How to move data from one hypertable to new design hypertable?

ts101 · April 3, 2024, 5:05pm

Using TimescaleDB v2.14.2 self-hosted on prem on PostgreSQL 15.6 on Red Hat 9.3. Software is running on vmware virtual machine with 16 CPU-cores and 256 GB of RAM and few 10s of TB of disk.

We have one hypertable with 12 TB of data and we would like to change a design of table. Actually table fields would stay the same. We would like to add “range space partition” to already time partitioned table. Range-space-partition requires empty hypertable table before range-space-partition is added.

Process:

create PostgreSQL table,
covert table to hypertable,
add range-space-partition dimension
insert data into hypertable

We are planning:

Create new hypertable.
Add range-space-partition.
Move data from old hypertable to new hyperable.
Drop old hypertable.
Rename table from new hypertable name to old hypertable name.

We know that in our case data that are more then 1 month (time partition) old do not change, but new data are added in bulk few times a day. My main idea is to move data older then 1 month from old hypertable to new hypertable in a way old hypertable is still on-line available for read and writes. Then turn off application server to prevent new inserts/updates and do the last month transfer from old hyperatable to new hypertable and also perform steps 4 and 5.

My question:

What is the most appropriate way of moving data inside the same database from old hypertable to new hypertable? Is there some super-fast mechanism for moving data.
Some old data in hypertable are compressed, they are there only for law enforcement and are never accessed in application. I assume moving data from old hypertable will decompress data before they will be able to insert into new hypertable. Is there advisable to first perform manual decompression of old data in old hypertable or is decompression, from performance point of view, really needed and data can be decompressed on the fly when moving from old to new hypertable?

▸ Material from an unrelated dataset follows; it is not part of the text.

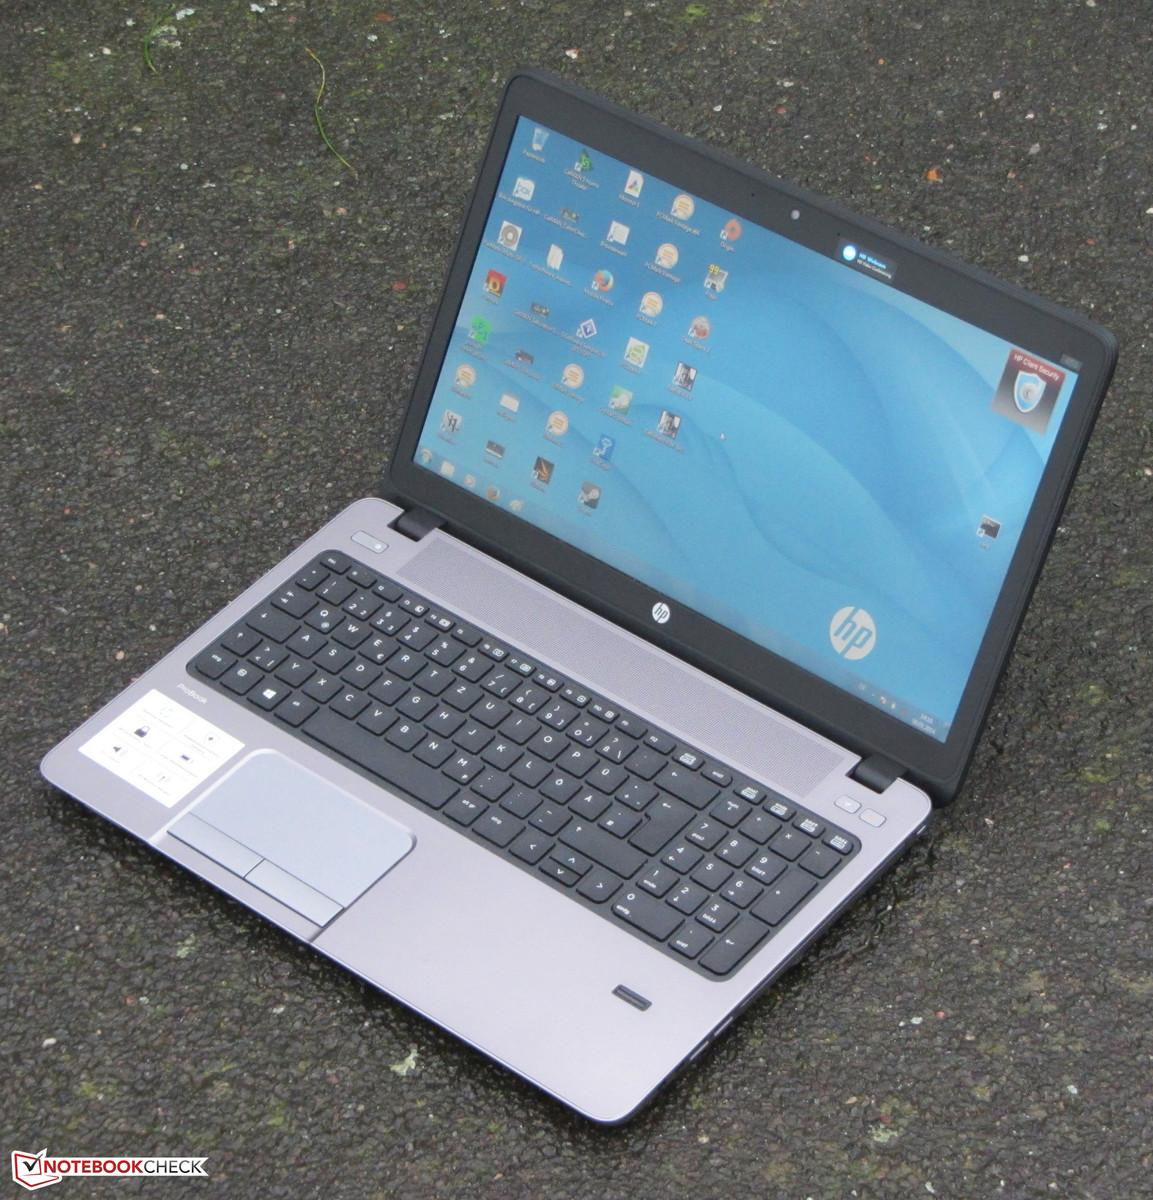 Hp notebook wireless driver - Hp Elitebook 840 G1 Wireless Driver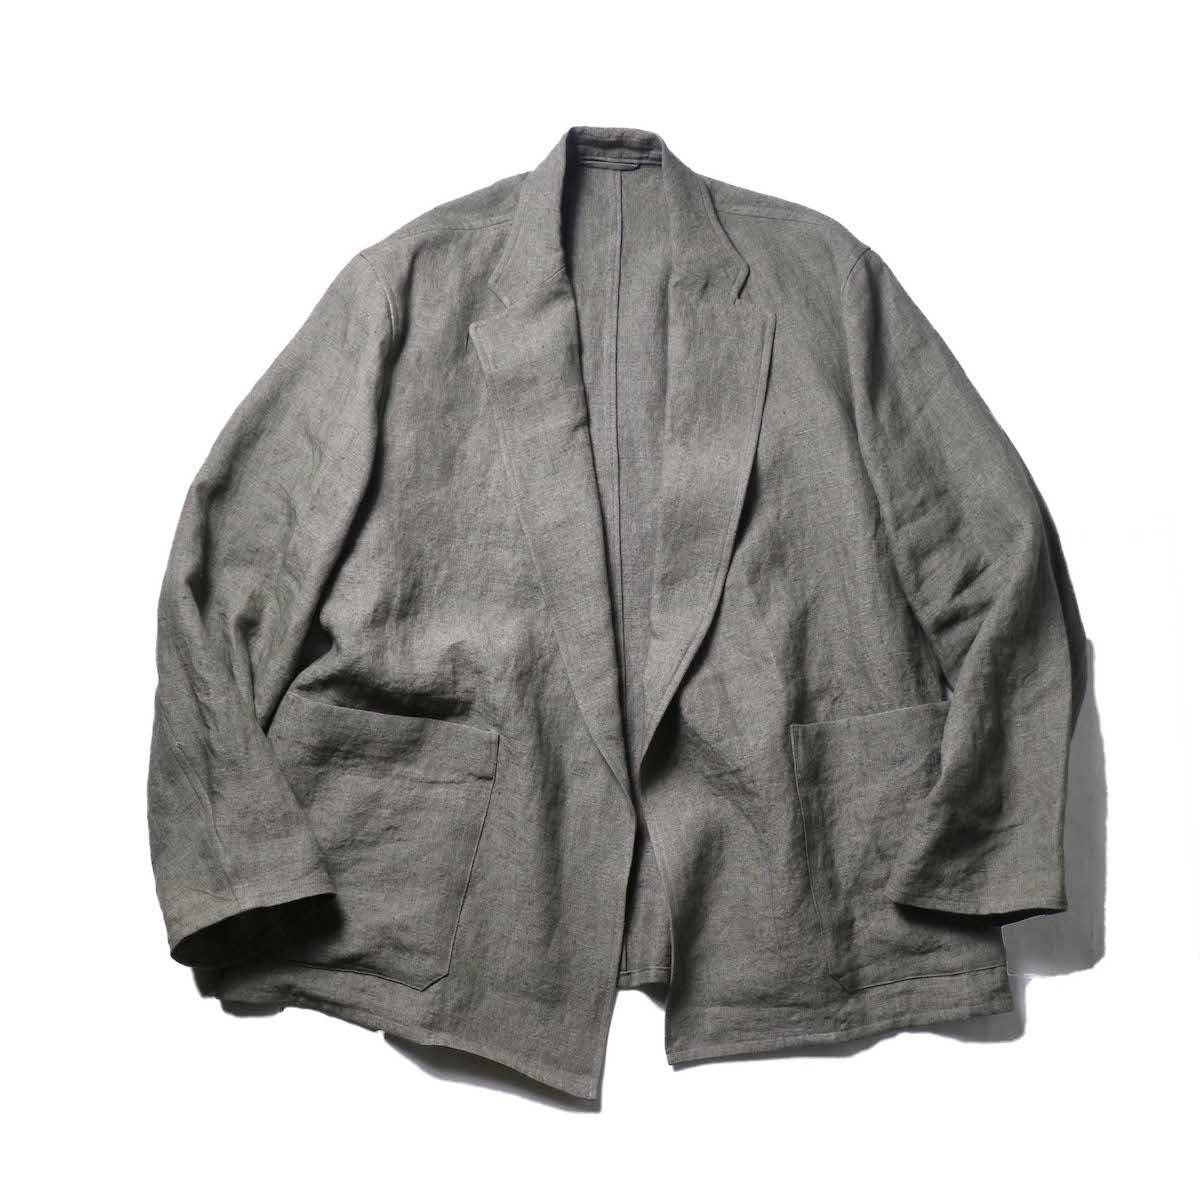 blurhms / Wash Linen Cardigan Jacket (KhakiGrey)

jonatasdp · April 25, 2024, 5:39pm

Hey @ts101, looks like a solid plan.

Do you have any space constraints, needing to release space as you go?

For the compression, I can imagine that you can even get faster readings from compressed. Give a try to copy one entire compressed chunk and measure it because it will depend on the nature of your data. My guess is that it will be faster without decompressing if you’re getting everything from the chunk in the same run.

If your chunk is too large for a single batch, then decompressing probably can be a pre-step to avoid decompressing same area twice.

Use insert into new_hypertable as select * from old_hypertable will just works in the most of the small cases, in your case you should put probably a where time between ... and ... and keep paginating it

You can also run and insert into different parts in parallel using more connections to the db.